A less contemporary bit of social impact investing wisdom comes from the ancient Greeks: "First secure an independent income, then practice virtue." If you are halfway there and ready now to practice a bit of virtue, 2011 Opportunity Collaboration Delegates working to "solve poverty" and create virtue with your capital are:

  • Calvert Foundation: an industry-leading nonprofit investing in a diversified mix of domestic and international organizations, including affordable housing, microfinance, small business development, charter schools, daycare centers and rehabilitation clinics.

  • Eleos Foundation: a foundation making early-stage, very high-impact grants and investments in market-based solutions in the sectors of health and education in geographical areas of extreme poverty.
  • ImpactAssets: a nonprofit financial services company aggregating and investing assets to solve the world's toughest problems by catalyzing investment capital for maximum environmental, social and financial impact.
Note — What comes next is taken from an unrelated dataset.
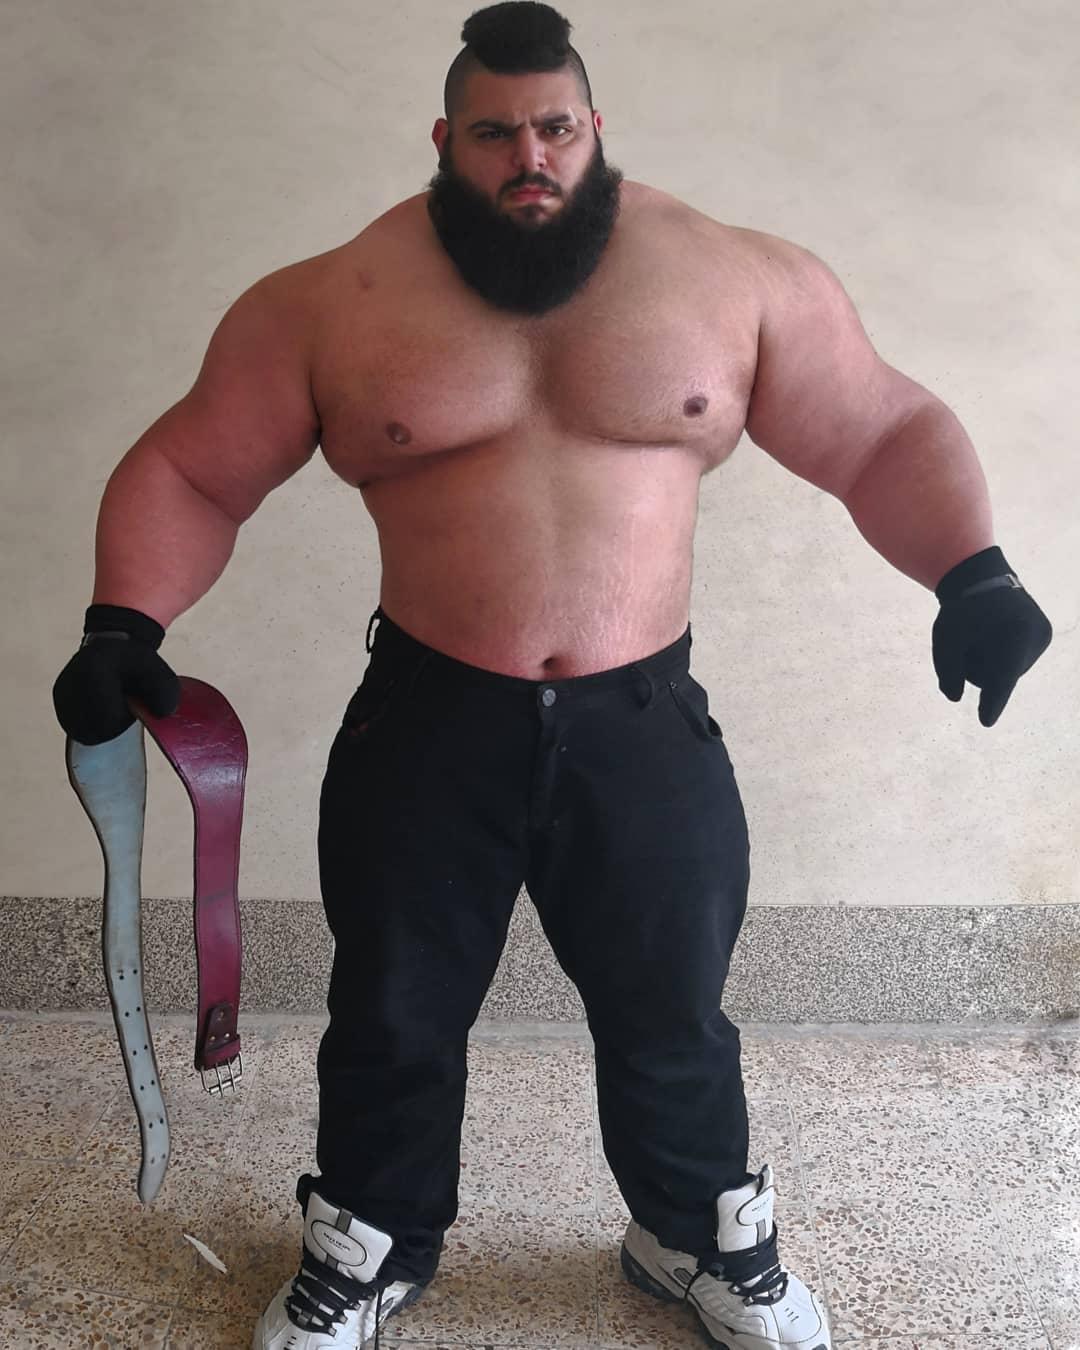 【超筋肉】イランのリアル超人ハルク、ワイ虚弱ニキ喧嘩したら一秒で殺されそう・・・・・(画像)・3枚目
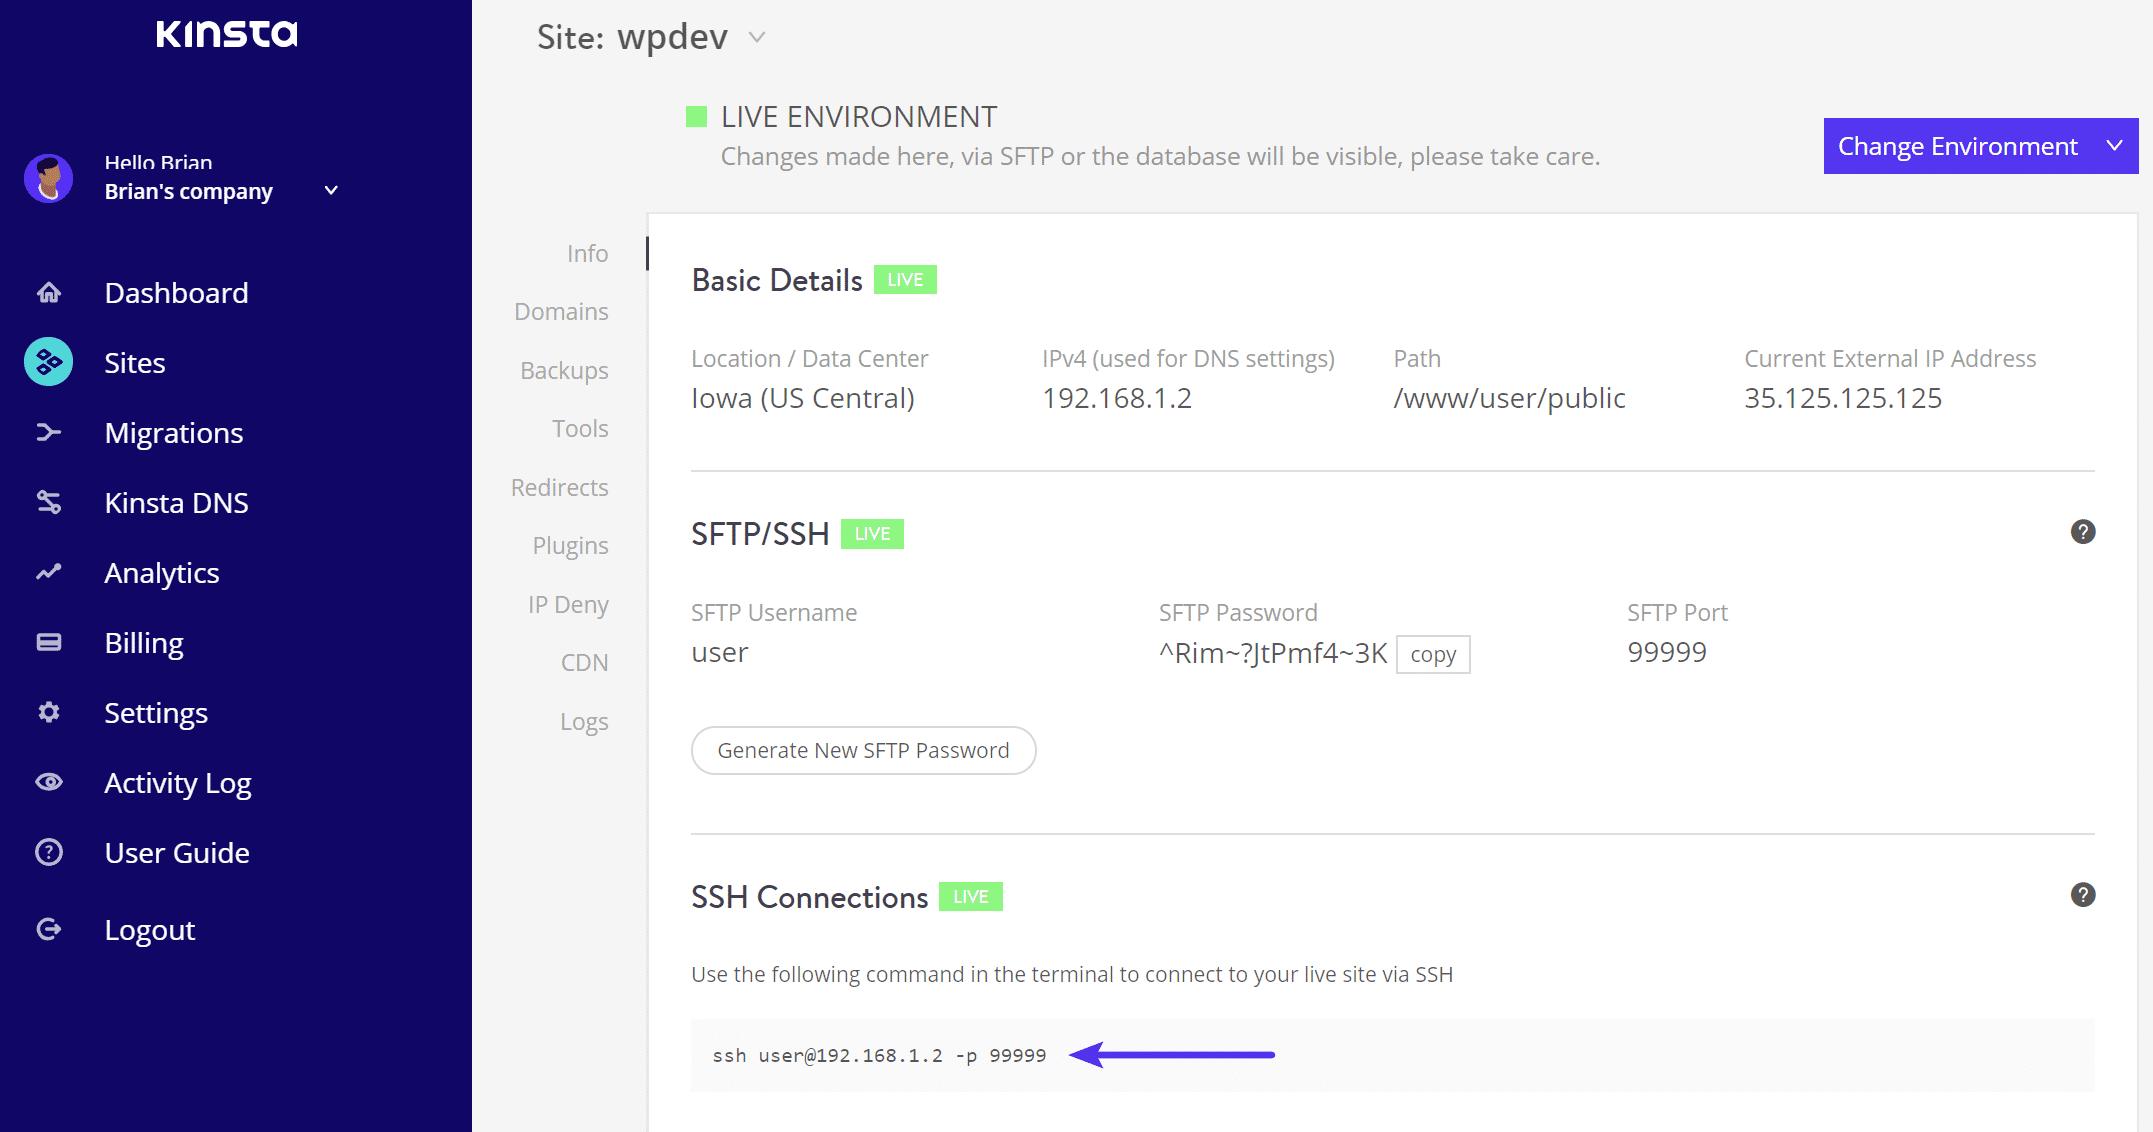 Conectar ao SSH - Informações de login do MyKinsta

  • MicroCredit Enterprises: a nonprofit microfinance funder who utilizes the financial capital and good credit of high-net-worth individuals, foundations, companies and other institutions to guarantee microloans around the world.
  • Mission Markets: a comprehensive marketplace created for buyers, sellers and other stakeholders within the impact sector who gain access to a secure online network, where they can discover information, assess opportunities, attract capital and transact across the social and environmental markets spectrum.
  • Root Capital: a nonprofit social investment fund for grassroots businesses in rural areas of developing countries which provides capital, delivers financial training and strengthens market connections for small and growing businesses that build sustainable livelihoods and transform rural communities in poor, environmentally vulnerable places.
  • Sarona Asset Management: an impact-investment asset manager whose latest fund, the Sarona Frontier Markets Fund, is a private equity fund-of-funds, investing in small- to mid-market companies with strong growth potential.
  • ShoreBank International: advisor to financial institutions throughout the world to promote asset building resulting in improved living conditions, greater economic growth rates globally and improved political stability.